━━ Source data
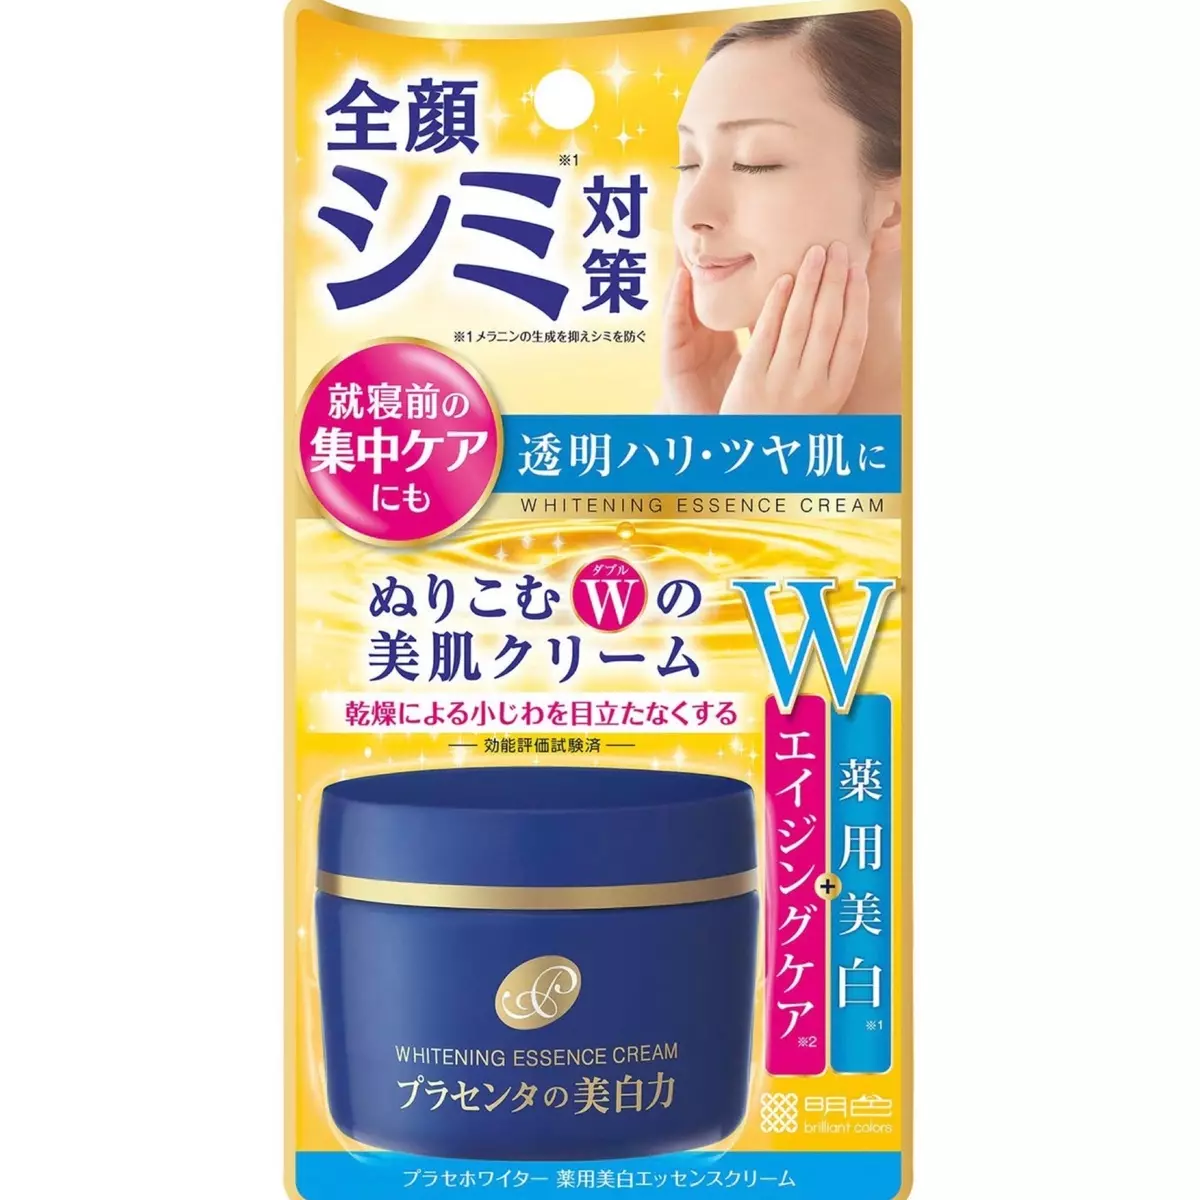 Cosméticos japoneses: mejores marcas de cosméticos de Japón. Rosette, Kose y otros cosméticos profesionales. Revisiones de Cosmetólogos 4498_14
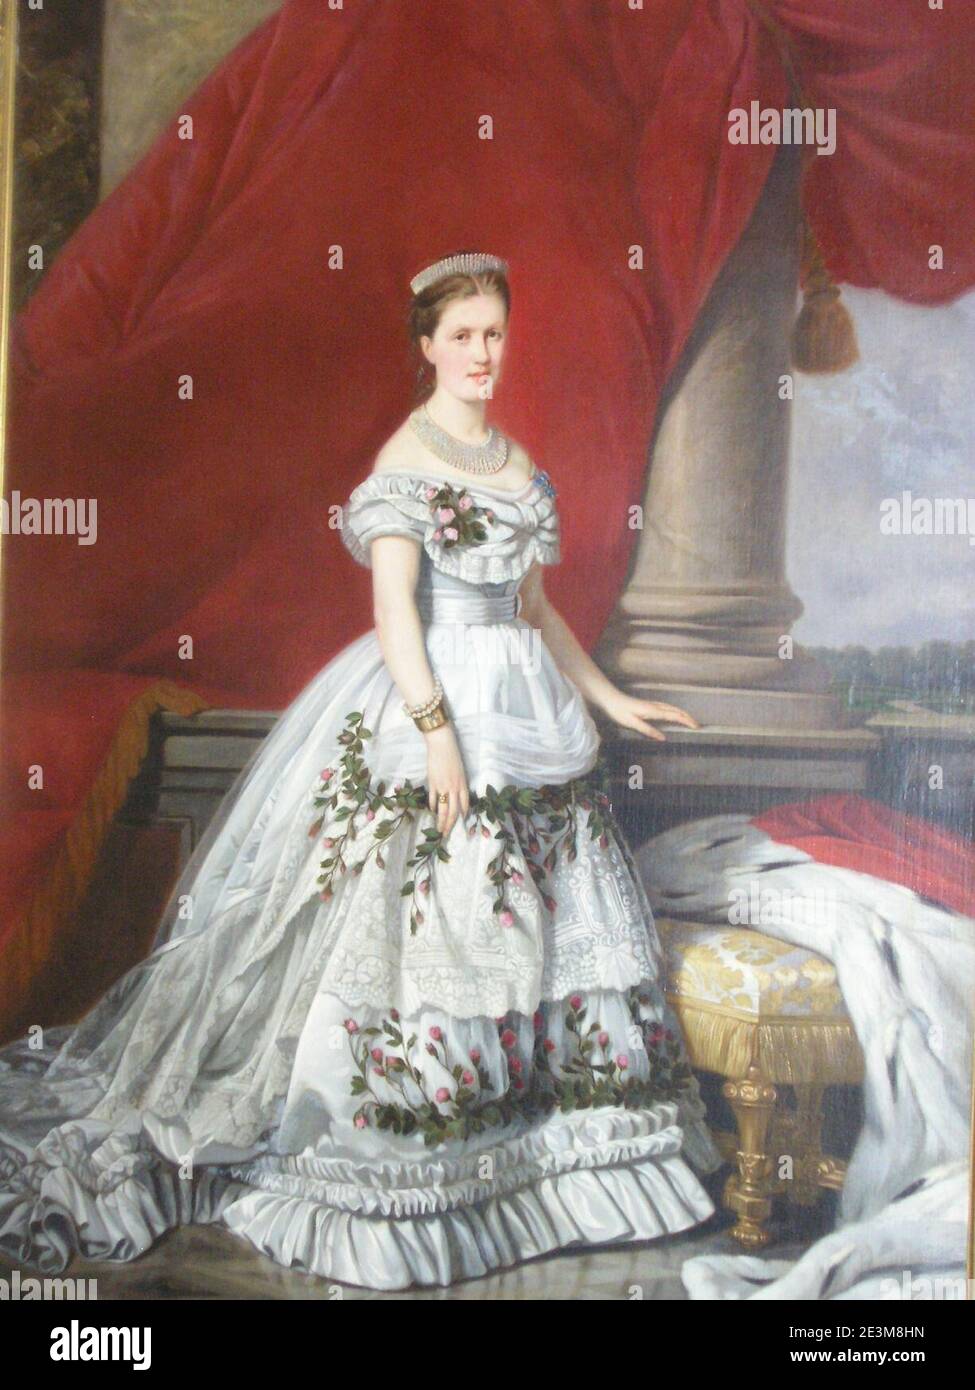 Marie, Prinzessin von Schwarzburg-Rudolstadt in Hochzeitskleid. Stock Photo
━━━━
━━ Source data
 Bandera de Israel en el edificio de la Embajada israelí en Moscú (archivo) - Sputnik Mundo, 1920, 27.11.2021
━━━━
━━ Source data
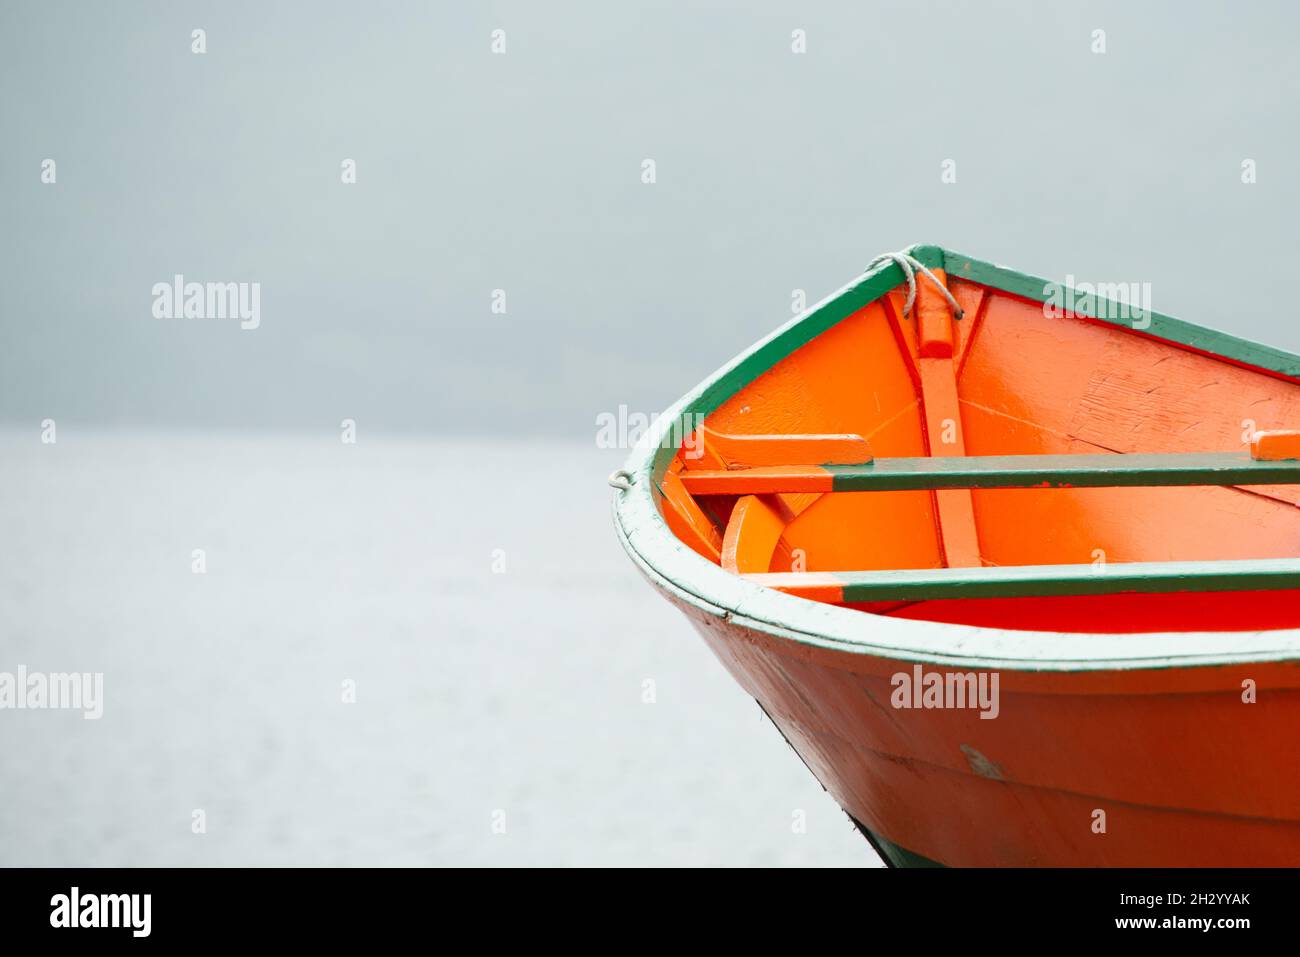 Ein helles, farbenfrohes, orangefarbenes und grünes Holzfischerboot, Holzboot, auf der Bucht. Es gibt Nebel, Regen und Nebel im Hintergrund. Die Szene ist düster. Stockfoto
━━━━
**What this task involves:**
Since the pictures are not part of the copy, please transcribe only the lines above from the one with "Cosméticos japoneses: mejores" through the one with "Marie, Prinzessin von", exactly and with both ends.

**Written answer:**
 Cosméticos japoneses: mejores marcas de cosméticos de Japón. Rosette, Kose y otros cosméticos profesionales. Revisiones de Cosmetólogos 4498_14
 Marie, Prinzessin von Schwarzburg-Rudolstadt in Hochzeitskleid. Stock Photo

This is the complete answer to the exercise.